Em um mundo onde a saída curta com o goleiro é pintada como requisito consensual, Dyche faz o que sente ser correto, levando em conta as circunstâncias e direcionando a bola para onde pode agredir e não ser agredido. A cada 10 passes de Pope, que defende sua meta com eficiência, 9 são longos. Tem um destino claro: os atacantes Barnes e Wood.

Agora, Barnes e Wood representam o coração do time em campo (Foto: Reprodução/Planet Football)

É uma das duplas mais consistentes do país, entrosada, produtiva e capaz de dominar os duelos aéreos. Os dois têm porte físico, vigor e sabem se posicionar no lugar certo para o bem do coletivo. Nunca hesitam em bloquear espaços e ajudar na contenção. Pro Manchester City a história pode ser outra, mas no Burnley uma construção rebuscada desde a zaga serviria apenas para agradar os neutros.

São eles os que menos perderam a posse em seu próprio campo (13), principalmente porque não ficam com a posse em seu próprio campo. É lógica. É lanterna também na estatística de sequência de mais de 10 passes, com 20. Além dos clarets, só Bournemouth e Newcastle têm menos de 40. Por que sair tocando quando as vantagens estão justamente em fazer o oposto?

A dobradinha ofensiva frequentemente se conecta com o rápido e inteligente McNeil, ponta apto a fazer tabelas incisivas, se projetar no ponto futuro ou conduzir. Tem duas assistências e, assim como faz Gudmunsson do outro lado, domina o cruzamento com a bola rolando ou parada. É fator fundamental para um conjunto de imposição física e trabalhado para ter a mínima vantagem possível em escanteios e faltas.

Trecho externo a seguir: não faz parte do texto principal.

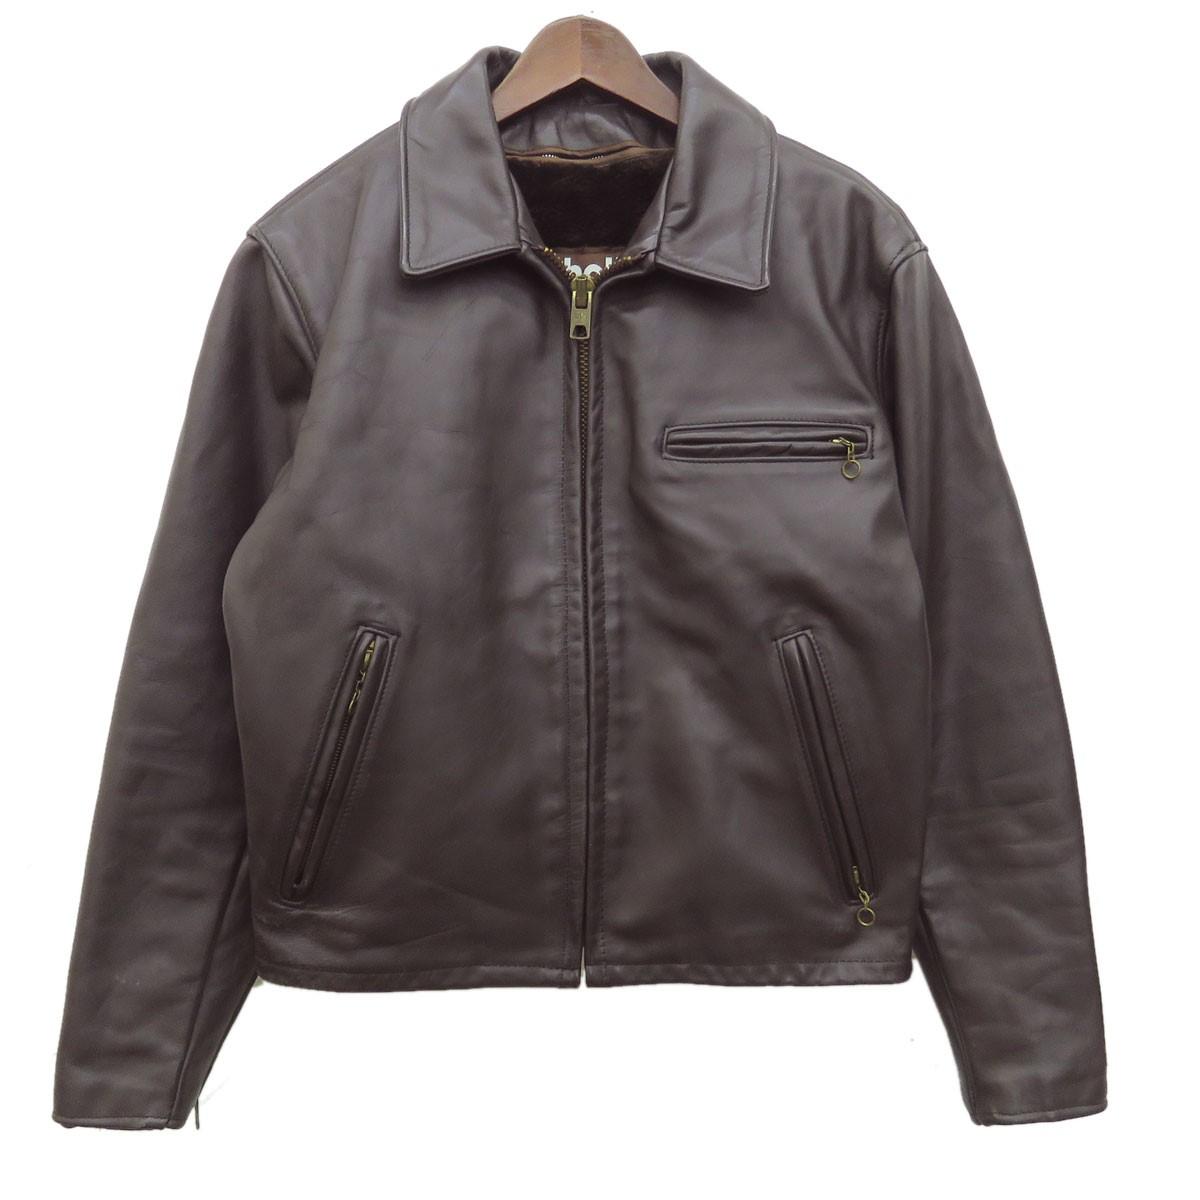 【中古】SCHOTT シングルライダースジャケット レザージャケット ライナー付き ブラウン サイズ:40 【150919】(ショット)

Importante nesse cenário, Tarkowski foi cotado para substituir Maguire no Leicester, mas ficou e continua também liderando uma defesa marcada pela solidez. A contratação de Pieters não chamou atenção, mas o lateral conhecido por sua marcação oferece bastante proteção e ainda assim chega à frente no momento certo, aspecto evidenciado por suas 3 assistências.

Cada um do seu modo, Guardiola e Dyche são exemplos dentro da Premier League (Foto: Reprodução/The Times)

A compactação é inegociável. Raramente você pegará jogadores fora de posição, distanciados da estrutura desenhada pela comissão técnica para encaixotar os adversários. Principalmente no TurfMoor, isso gera uma sensação – real – de que enfrentá-los é uma missão muito mais difícil do que ‘deveria ser’. Afinal de contas, é um pequeno clube de Lancashire, em uma região decadente, sem tanto aporte financeiro e um plantel de qualidade duvidosa.

Mas tem Sean Dyche. E é ótimo que ele seja um treinador com convicções contextualizadas e saiba trabalhar em cima delas, não do que recomendam de fora. Desse modo faz um dos melhores trabalhos da pirâmide do futebol inglês. Por mais irônico que isso pareça, faz o diferente. E é exemplo a ser seguido em vários aspectos.

“Se eu fosse para um clube diferente com repertórios distintos, acreditem, eu jogaria de uma forma diferente”, disse. É um pragmatismo que faz sentido e, como demonstra ano após ano, dá resultado. E é isso que importa pra ele.